À l’invitation du Groupe libertaire d’Ivry,
Projection / Discussion : Le Front homosexuel d’action révolutionnaire

Dimanche 18 février 2024 à partir de 16 h 30
Entrée libre (accueil dès 15 h)
Librairie du Monde Libertaire (Publico), 145 rue Amelot, Paris 11
M° République / Oberkampf / Filles du Calvaire

Le F.H.A.R. (Carole Roussopoulos, 1971) documente la première manifestation de rue gay et lesbienne en France. S’inscrivant dans la contestation des années 1968, le F.H.A.R. marqua une nouvelle direction pour le militantisme homosexuel en France, en rupture avec les groupes moins virulents, voire conservateurs, prônant la discrétion et la « respectabilité ».
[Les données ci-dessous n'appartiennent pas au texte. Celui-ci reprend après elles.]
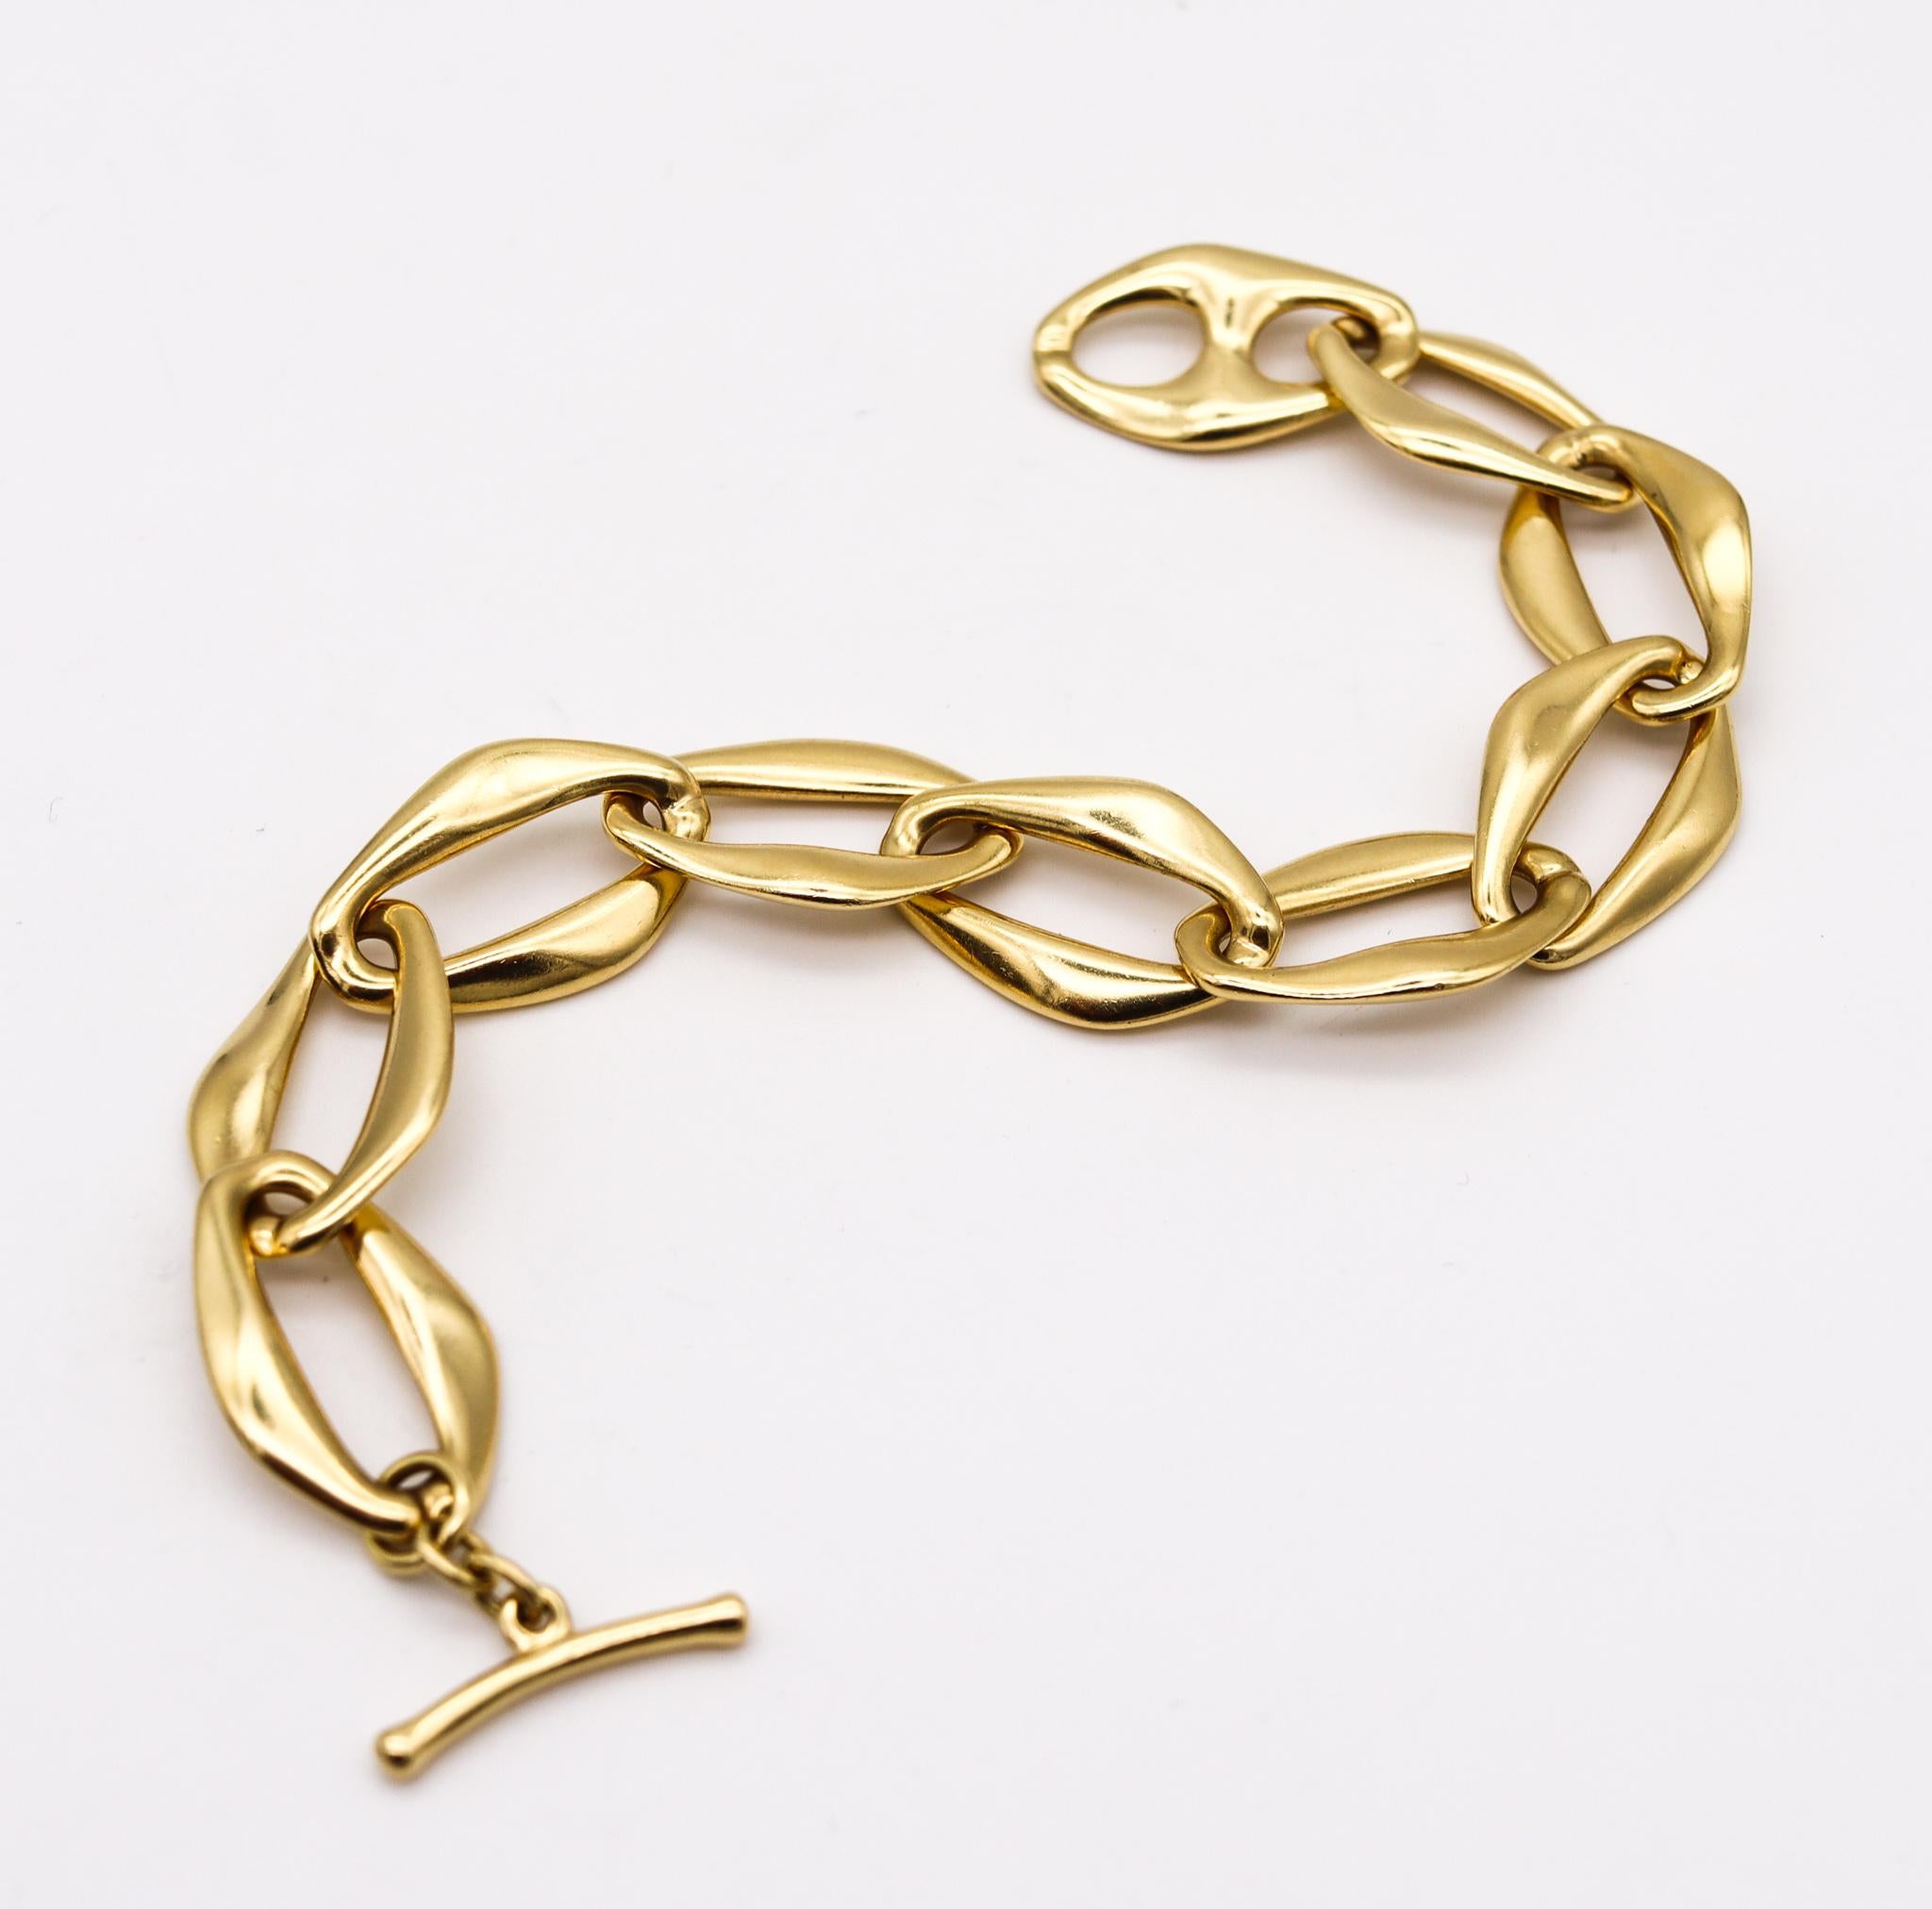 Modernist Tiffany & Co 1978 by Elsa Peretti Rare Aegean Links Bracelet in 18Kt Yellow Gold

La manifestation du F.H.A.R. se déroule à l’intérieur de la manifestation syndicale du premier mai et dénonce les discriminations homophobes, scandant des slogans tels que : « Les pédés dans la rue », « Nous sommes tous un fléau social », « À bas les phallocrates ! » La caméra suit les manifestants, cadre les badauds, qui découvrent avec curiosité et étonnement le premier cortège de gays et lesbiennes défilant ouvertement.

Le film rapporte les interventions des militant‑es du F.H.A.R. à l’université de Vincennes. Quelques années avant la dépénalisation de l’homosexualité en France, dans cette réunion aux publics pluriels, tenue en mai – juin 1971, nous assistons à l’effervescence des débuts de ce mouvement qui apportera une visibilité importante aux luttes homosexuelles radicales. Bien que la parole circule davantage entre les hommes — ce qui amènera les femmes à quitter le groupe par la suite —, Carole Roussopoulos saisit, dans le brouhaha des discussions, le monologue d’une militante critiquant les oppressions d’une société hétéro‐normative et bourgeoise.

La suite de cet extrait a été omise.